Immunofluorescence and Hematoxylin and Eosin Staining

Tissues were fixed in zinc-formalin and embedded in paraffin for histologic analysis and immunofluorescence staining. Sections were deparaffinized, rehydrated, and prepared by antigen retrieval. For cell lines, cells were seeded into 8-well Nunc Lab-Tek II chamber slides (Thermo Fisher Scientific) and fixed in 4% paraformaldehyde for 15 minutes. For immunofluorescence staining, sections or fixed cells were blocked in PBS with 0.3% Triton-X and 5% donkey serum for 1 hour, stained with primary and secondary antibodies, and mounted with Aqua Polymount (Polysciences, Inc). Primary antibodies used include goat anti-GFP (Abcam, ab6673), rat anti–E-cadherin (Takara Bio, M108), and rabbit anti-H3K36me2 (Abcam, ab9049). Slides were visualized using an Olympus IX71 inverted multicolor fluorescent microscope equipped with a DP71 camera. Images were quantified using ImageJ software.

For hematoxylin and eosin staining, sections were deparaffinized, rehydrated, stained with hematoxylin, differentiated with acidic ethanol, stained for eosin, dehydrated, and mounted with Permount. Slides were visualized using the Keyence BZ-X710 all-in-one fluorescence microscope.

Histone Extraction

Histones were acid-extracted according to standard protocols. Briefly, nuclei were isolated from cells lysed with a hypotonic lysis buffer. Histones were extracted from the nuclei with 0.2 N H2SO4, precipitated in 33% trichloroacetic acid, washed with acetone, and resuspended in diH2O.

Immunoblotting

For whole-cell lysates, cells were washed with cold PBS and lysed in RIPA lysis buffer. Extracted histones or whole-cell lysates were separated by SDS-PAGE, transferred to polyvinylidene difluoride membrane, blocked in 5% nonfat milk in PBS plus 0.1% Tween-20, probed with primary antibodies, and detected with horseradish peroxidase–conjugated secondary antibodies (Jackson Immunoresearch). Primary antibodies used include: anti-H3 (Cell Signaling Technology, 9715S); anti-H3K36me2 (Cell Signaling Technology, 2901S); anti-H3K36me3 (Abcam, ab9050); anti-H3K36M (Millipore, ABE1447); anti-NSD2 (Millipore, MABE191); anti-KDM2A (Abcam, ab191387); anti-alpha-tubulin (Cell Signaling Technology, 3873S); anti–E-cadherin (Takara, M108).

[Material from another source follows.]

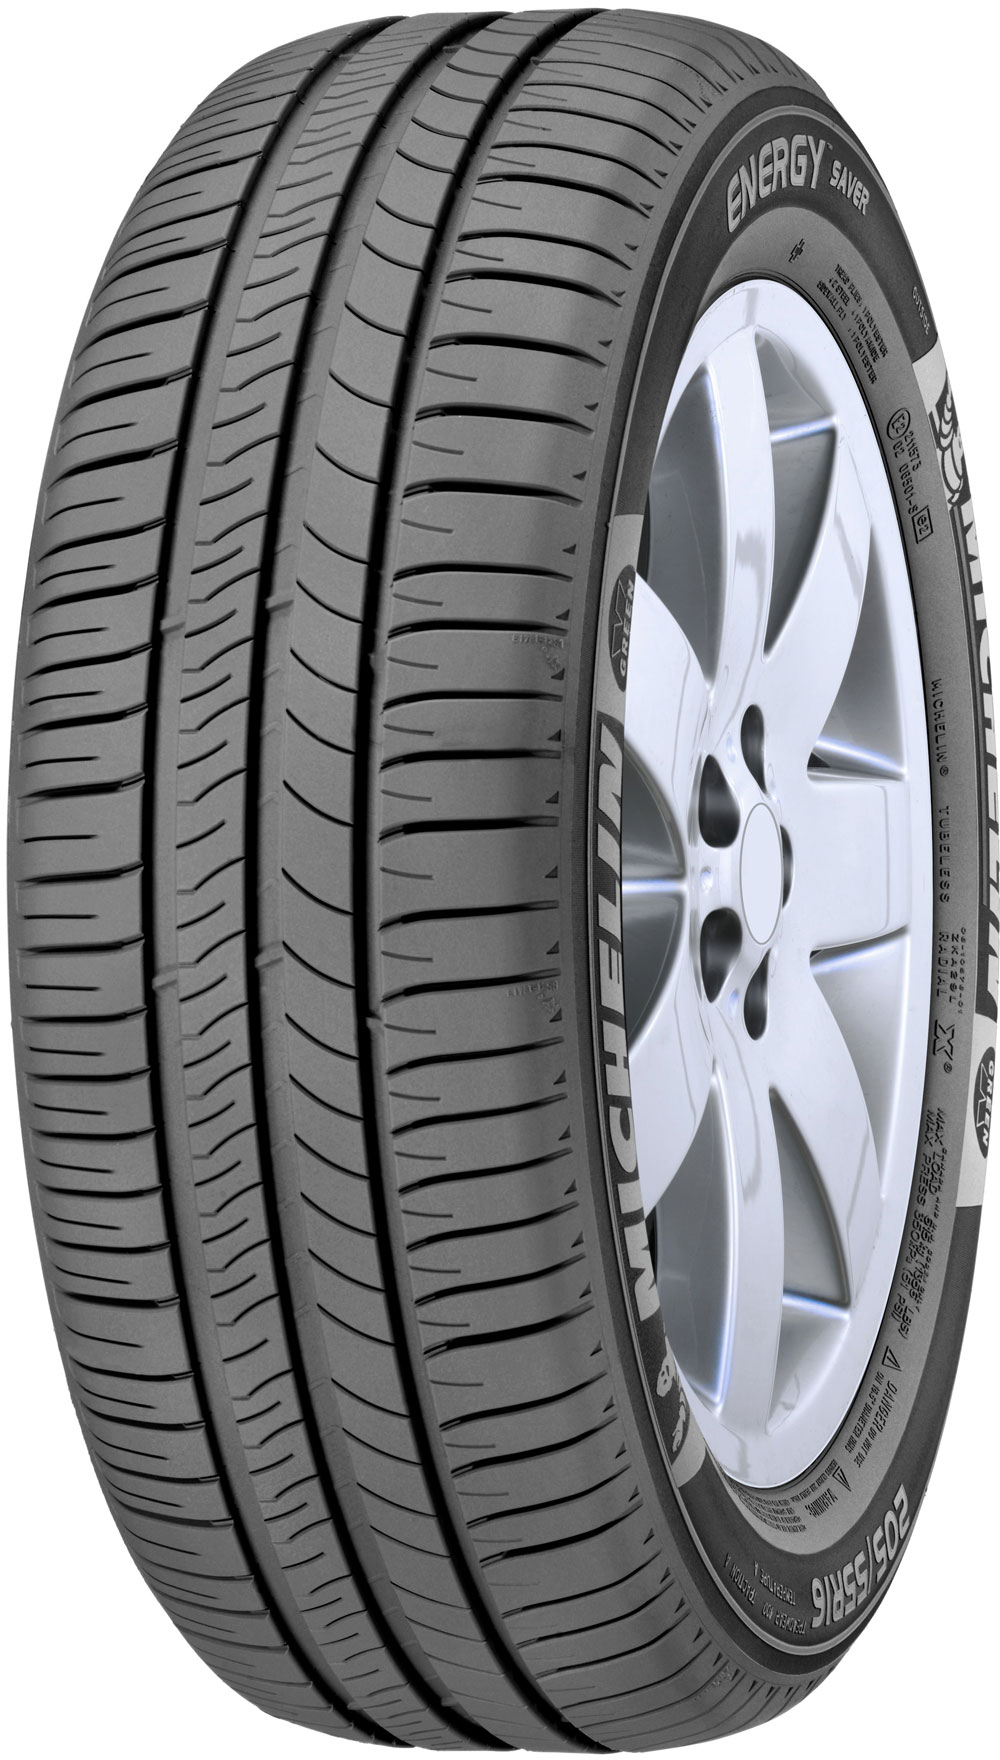 Автомобилни гуми MICHELIN EN SAVER MERCEDES 205/55 R16 91W

Histone Derivatization, Mass Spectrometry, and PTM Quantification

Derivatization

Histones were derivatized according to standard protocol (82). Briefly, 5 to 10 ug of acid-extracted histones were resuspended in 100 mmol/L ammonium bicarbonate (pH 8.0) and mixed with freshly prepared propionic anhydride with acetonitrile for 15 minutes at 37°C. Histones were then digested with trypsin (enzyme: sample ratio 1:20) overnight at 37°C. The peptides were then desalted and stored dried. They were resuspended in 0.1% formic acid just before mass spectrometry.

Direct Injection–MS

Samples were placed in a TriVersa NanoMate (Advion) and acquired either manually or by using a sequence coordinated with MS acquisition by a contact closure. The NanoMate was set up with a spray voltage of 1.7 kV and a gas pressure of 0.5 psi. Samples were acquired in the Orbitrap Fusion Tribrid (Thermo Fisher Scientific). All scans were acquired in the orbitrap, at 240,000 resolution for the full MS and at 120,000 resolution for MS-MS. The AGC target for the tSIM-MSX scans was set to 10E6. The full description of the DI-MS acquisition method has been previously described (83).

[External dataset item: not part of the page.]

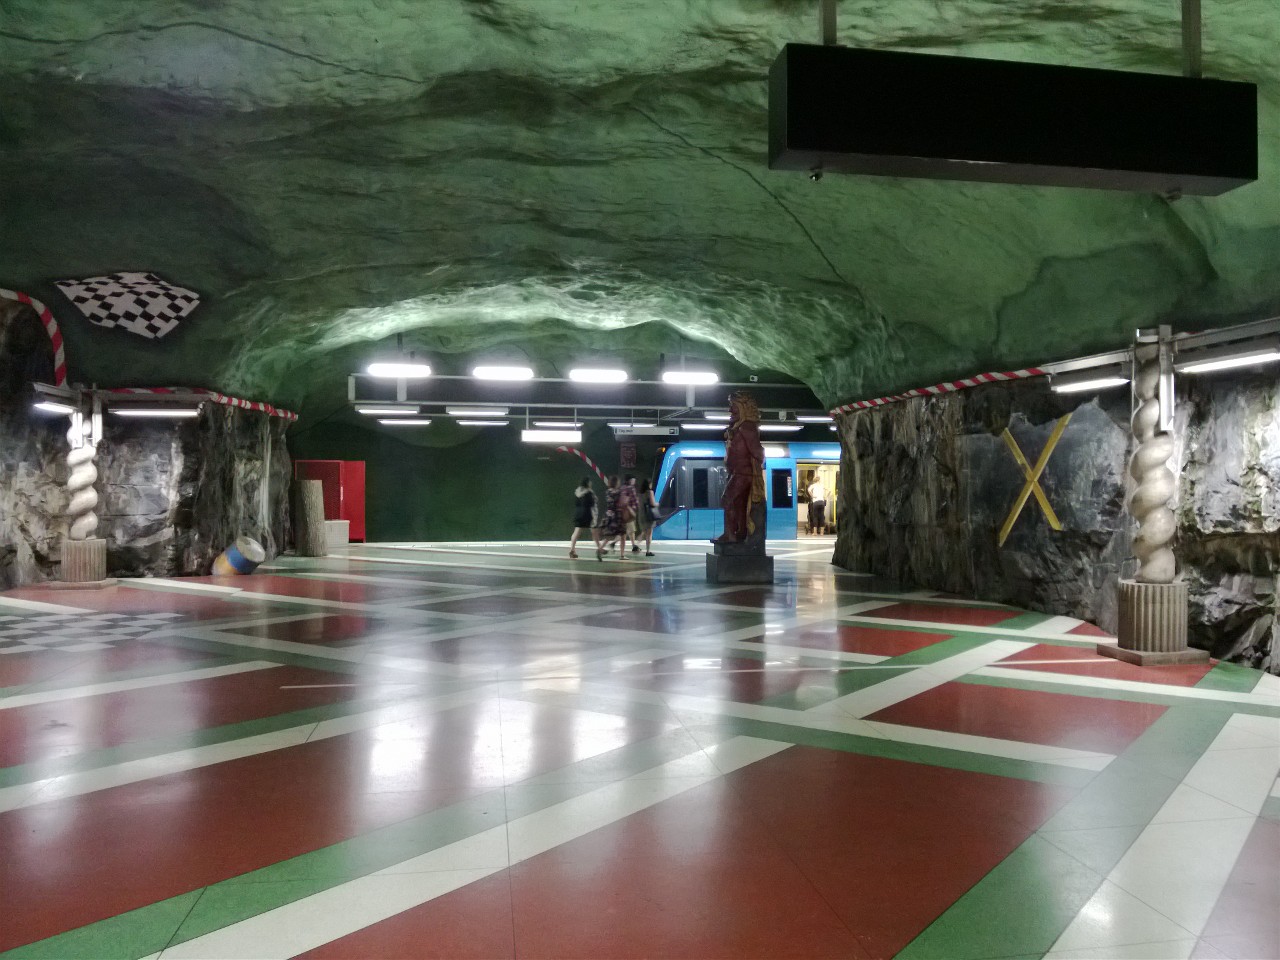 Besonders schick fanden wir außerdem die Gestaltung der U-Bahn Stationen.

Histone Peptide Quantification

Raw files were searched with a modified version of the software EpiProfile 2.0 (84). Histone peptides were collected in MS scans, and isobaric peptides were collected in targeted preset MS-MS scans. The software reads the intensities from MS scans to calculate the percentage of all peptides with the same amino acid sequence. The unique fragment ions in the MS-MS scans were extracted to discriminate isobaric peptide intensities from the MS scans. The software EpiProfileLite is available on GitHub at https://github.com/zfyuan/EpiProfileLite, including the user guide.

Statistical Analysis

Comparisons between two groups were performed using Student unpaired t test. The Holm–Sidak correction for multiple testing was applied where indicated. All statistical analyses were performed with Graphpad Prism 7 and 8 (GraphPad). Error bars show SEM, as indicated in the legends, and P < 0.05 was considered statistically significant. (* indicates P < 0.05; **, P < 0.01; ***, P < 0.001; ****, P < 0.0001 unless otherwise indicated; ns, not significant).

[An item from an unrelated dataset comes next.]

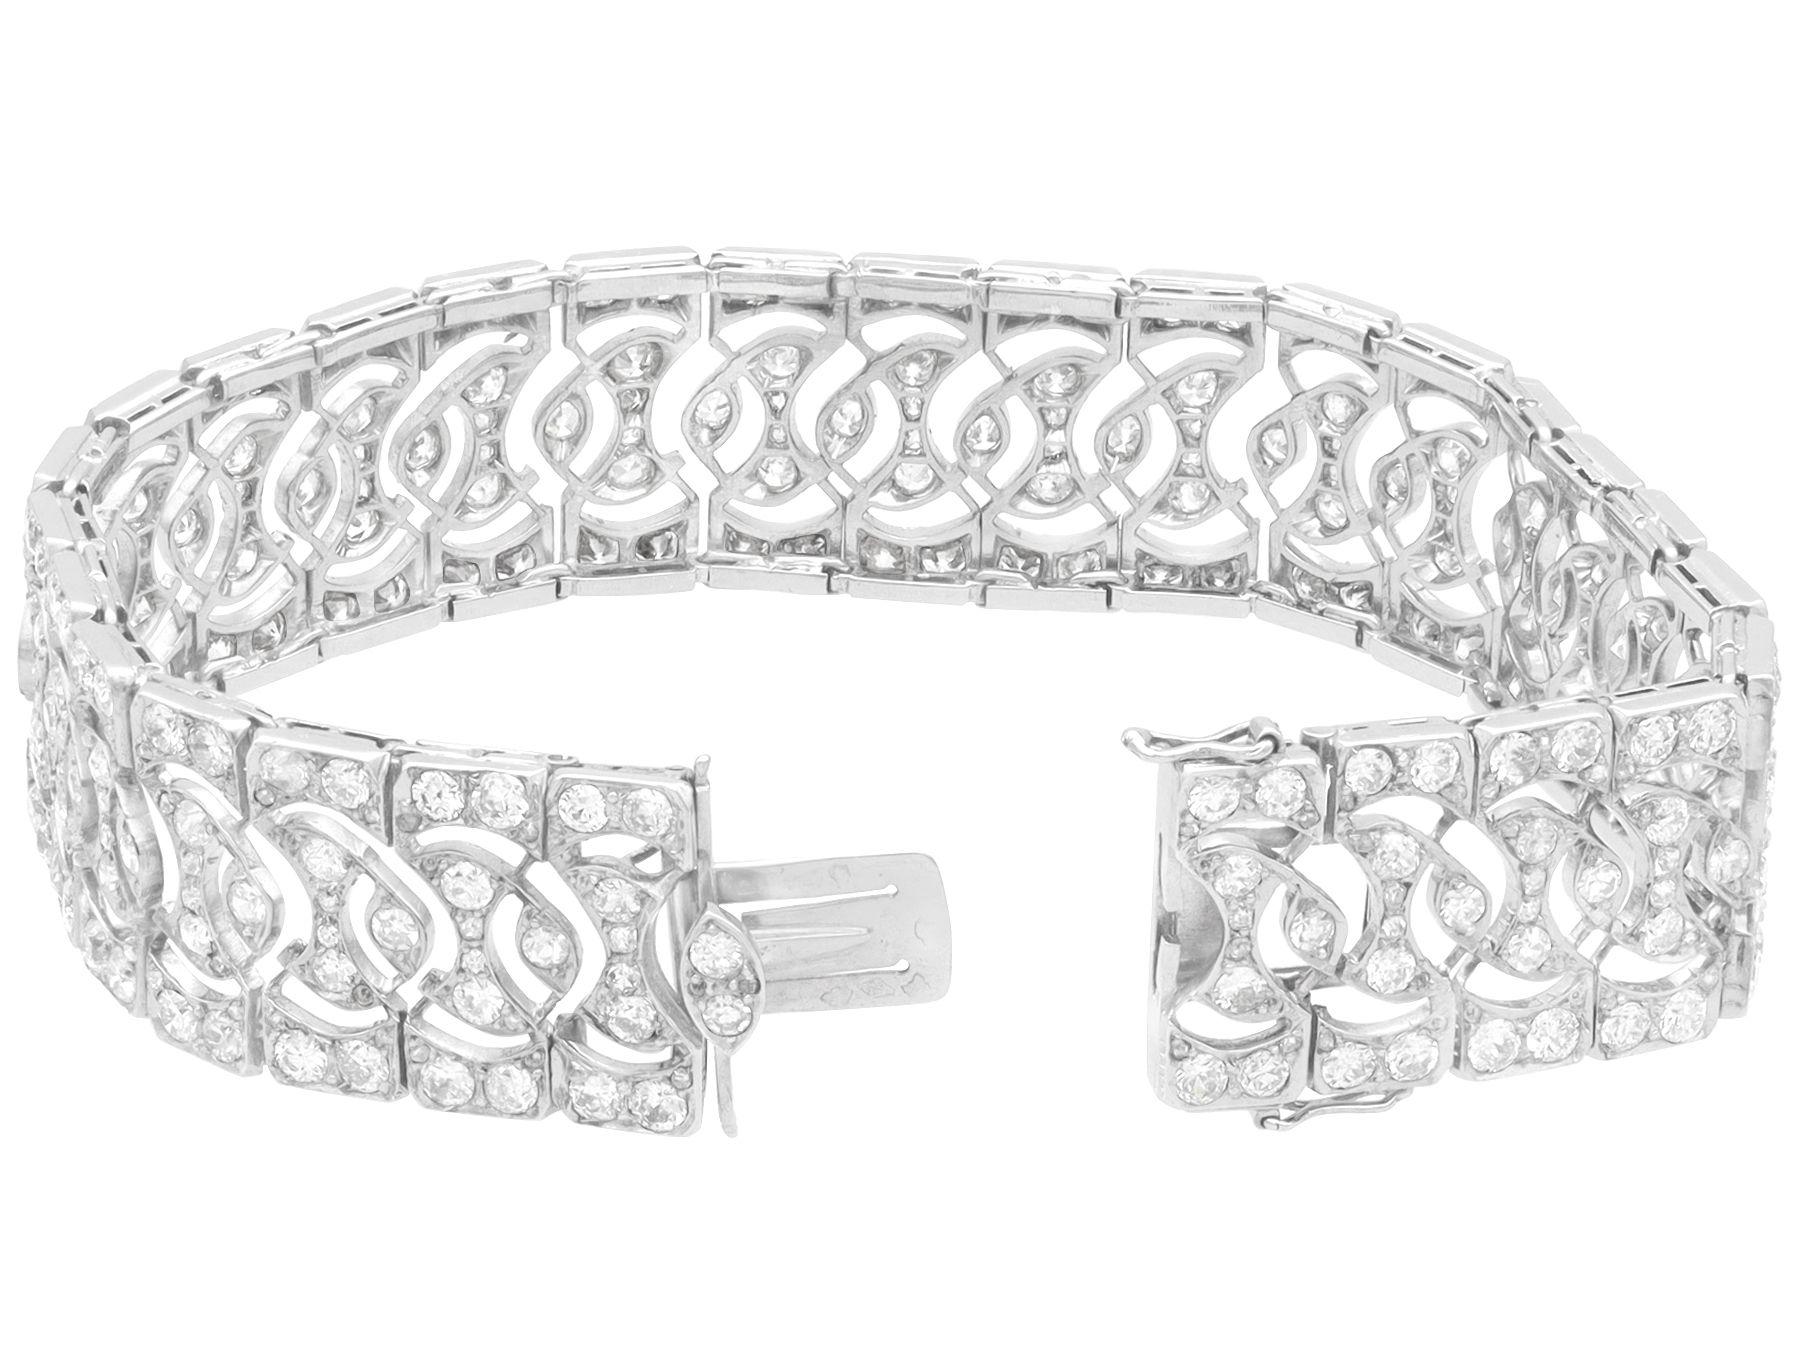 Antique Art Deco French 10.16 Carat Diamond and Platinum Bracelet For Sale 2

For sequencing experiments, DESeq2 (73) used to generate Padj (FDR). For The Cancer Genome Atlas survival analysis, KM plotter (40) was used to generate log-rank P values.

Data Resources

All sequencing data has been deposited in the Gene Expression Omnibus under the series GSE137523, which includes the following subseries: GSE137382 (RNA-seq), GSE137520 (ATAC-seq), and GSE137521 (ChIP-seq).

Software

PRISM software was used for the statistical analysis and data visualization (http://www.graphpad.com). The R language and environment for statistical computing and graphics (https://www.r-project.org) was utilized in this study for the statistical and bioinformatics analysis of RNA-seq, ATAC-seq, and genome-seq data. The R packages used for the analysis described in the method section were obtained from the Bioconductor (https://www.bioconductor.org) and CRAN (https://cran.r-project.org/web/packages/).

No potential conflicts of interest were disclosed.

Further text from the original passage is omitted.